Under NY GBL § 518, a vendor who wants to impose a surcharge
for using a credit card to compensate for the credit card companies’ surcharges
risks criminal prosecution if it labels its credit card price a surcharge
rather than advertising that it offers a discount for using cash. The court found this restriction
unconstitutional. Section 518 provides:
“No seller in any sales transaction may impose a surcharge on a holder who
elects to use a credit card in lieu of payment by cash, check, or similar
means.” Everyone agreed, however that
the statute didn’t bar “discounts” for cash.
A surcharge for credit and a discount for cash are, in
theory, equivalent.
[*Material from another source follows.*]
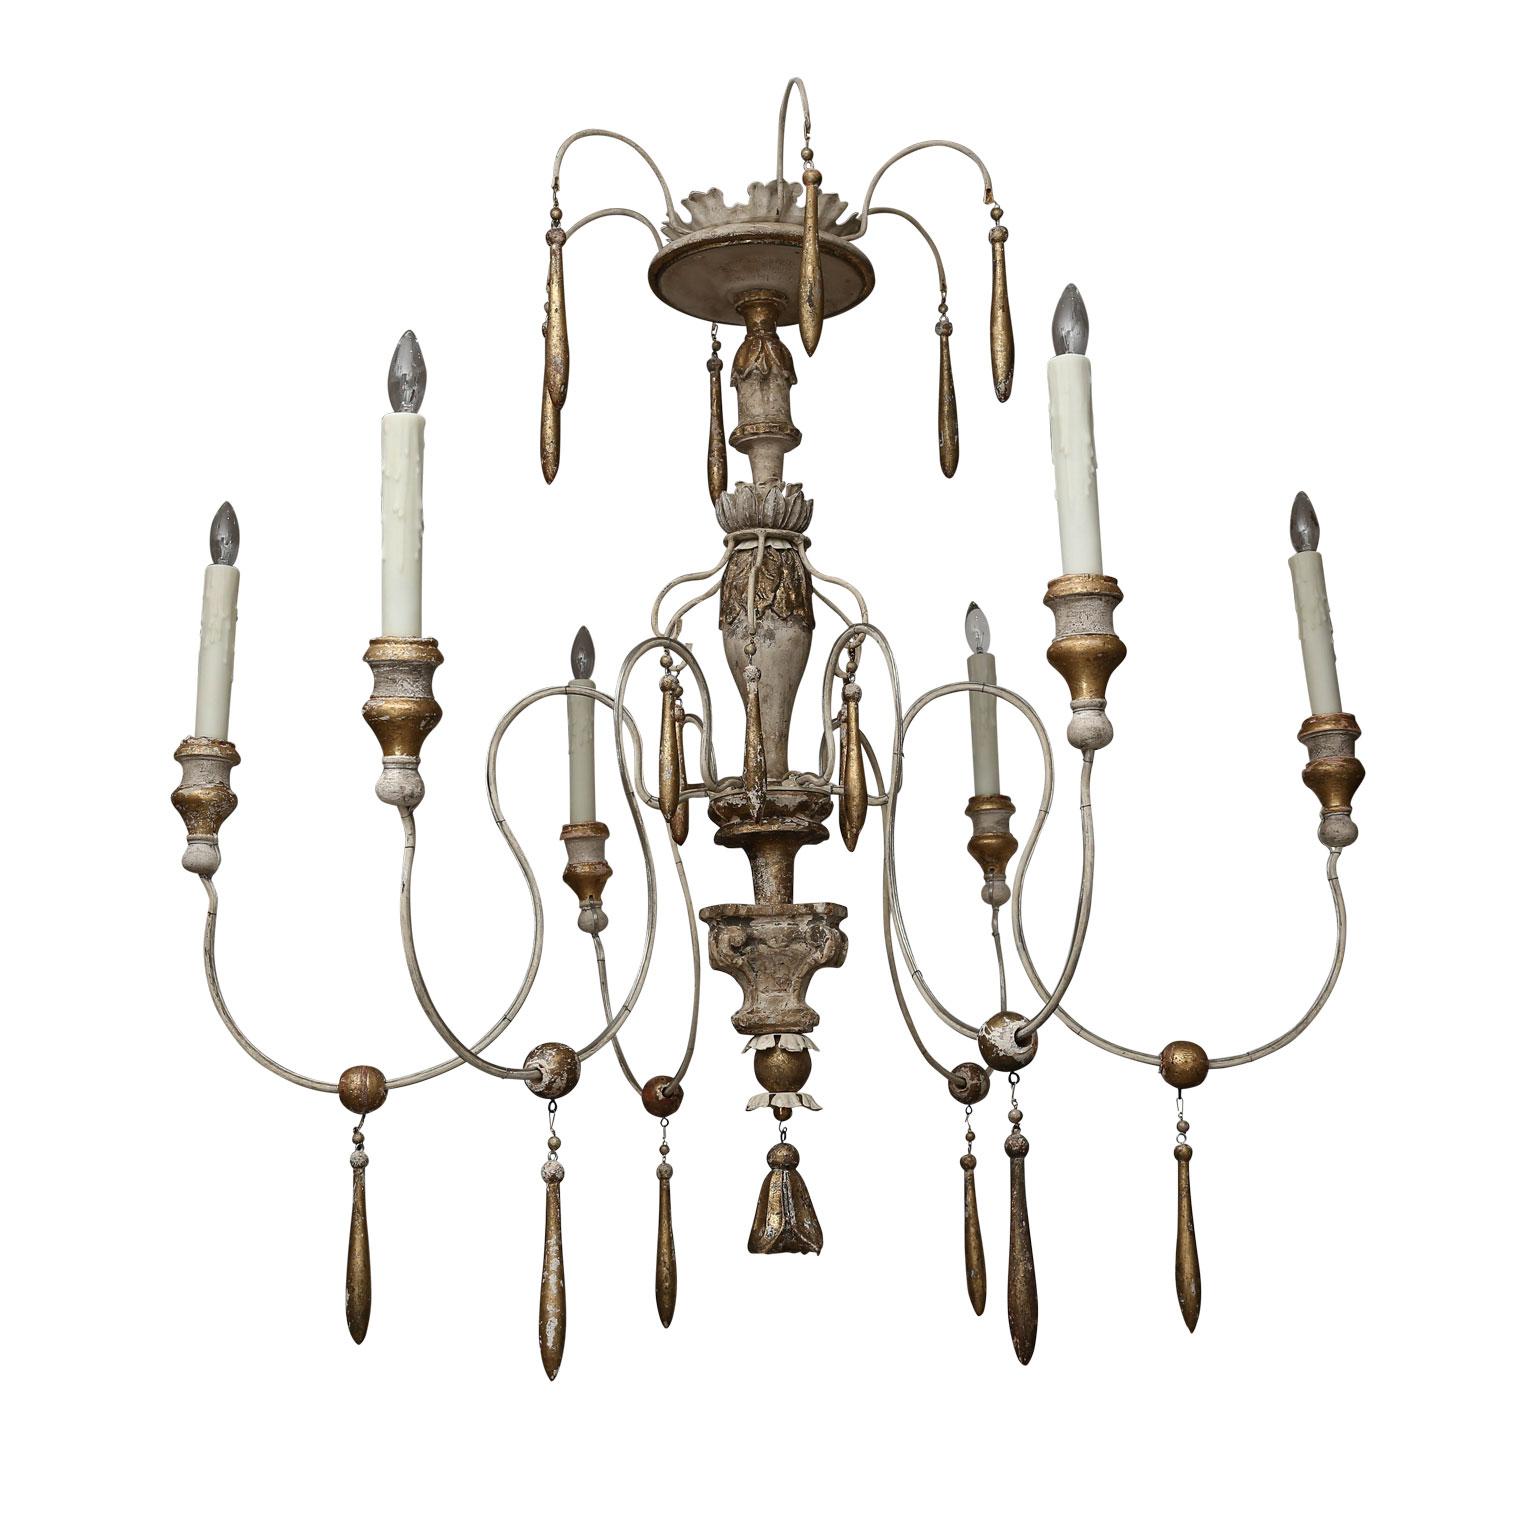 Six-arm Italian chandelier, newly constructed from 18th century and later elements. Newly wired, using all UL listed parts, for use within the USA. Lights use candelabra-size bulbs. Includes chain and a canopy (listed height does not include chain).
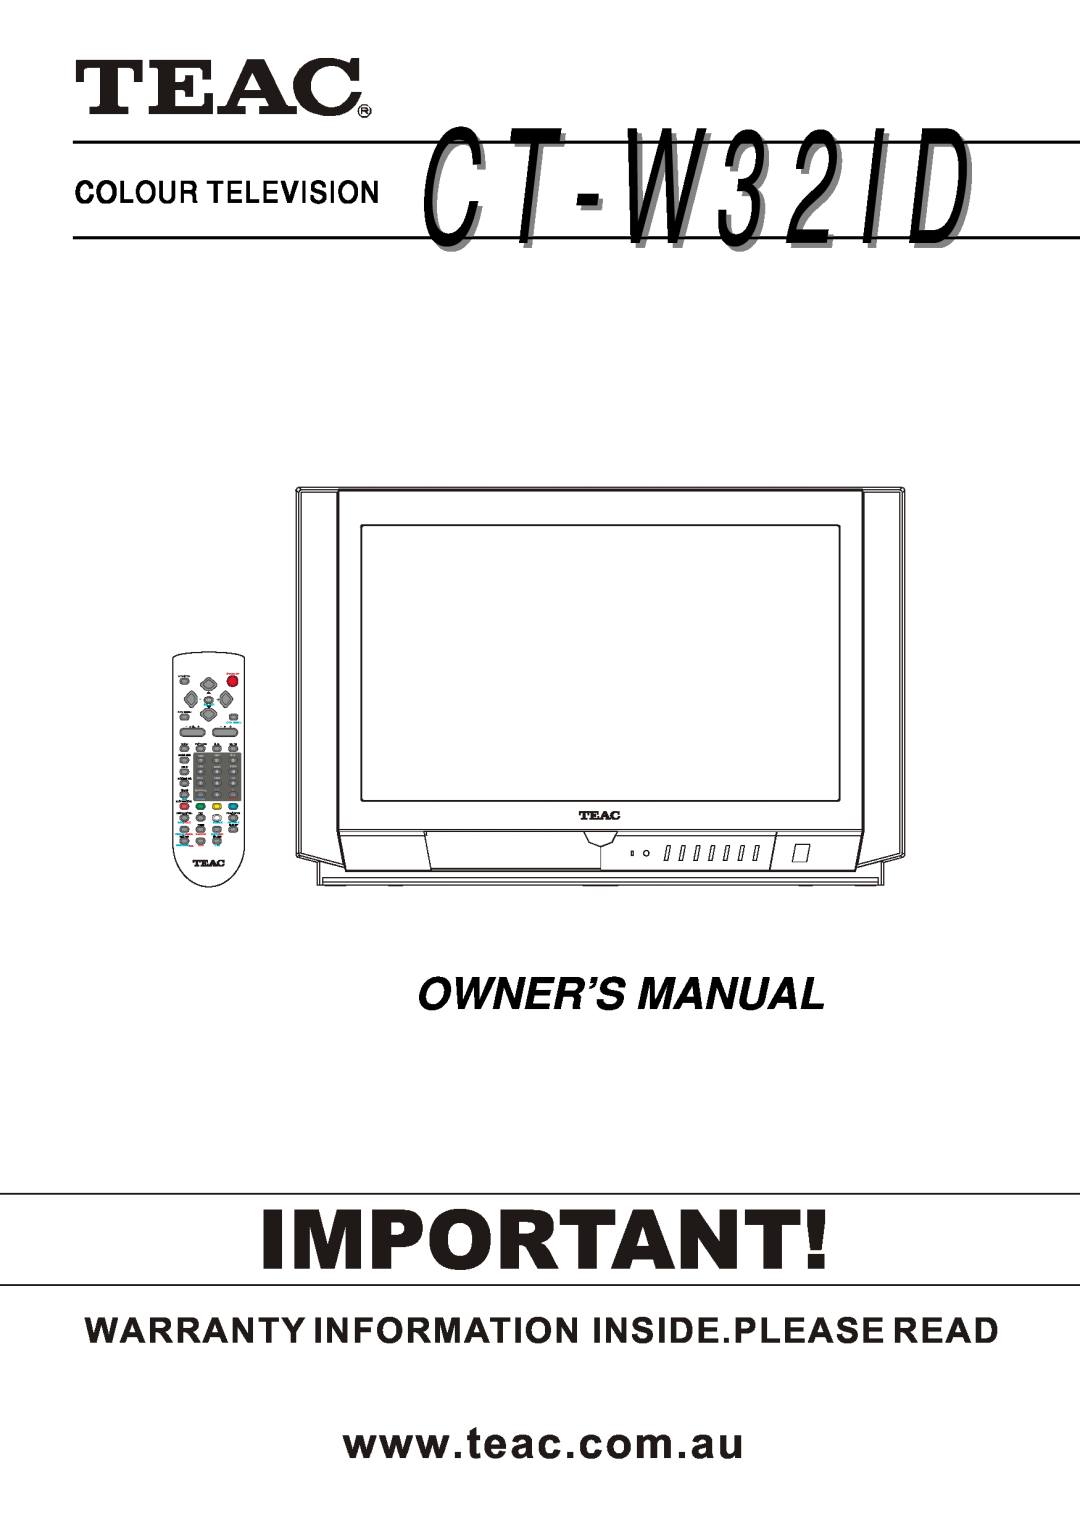 Teac owner manual Owner’S Manual, Warranty Information Inside.Please Read, COLOUR TELEVISION CT-W32ID, Standby, Atv/Dtv

But consumer
psychology is different: “consumers perceive credit-card surcharges negatively
as a kind of loss or penalty, while cash discounts are perceived positively as
a kind of gain or bonus.” (Citing, inter
alia, my colleage Adam Levitin—albeit
misspelling his name.) Plaintiffs argued
that “surcharge” was “an accurate and effective way to convey to consumers that
paying with credit is actually more expensive than paying with cash,” given
that the prices charged to merchants by credit card companies are among the
largest and fastest-growing expenses for some merchants. (Citing Levitin
again.) Using “surcharge” would,
they argued, make consumers more likely to notice the fees and act to avoid
them, producing downward pressure on the credit card fees, known as “swipe
fees.” When notice of surcharges was
permitted in Australia, swipe fees there declined significantly. Without using surcharges labeled as such, “some
retailers cannot effectively call consumers’ attention to the price differences
between cash and credit, and therefore must charge higher headline prices for
everyone.” Thus, surcharge bans force
cash users to subsidize credit card users’ purchases, and this is a problem
insofar as cash users tend to be disproportionately poor and minority. The yearly subsidy from cash-using households
has been estimated at $149, with $1333 transferred to each card user.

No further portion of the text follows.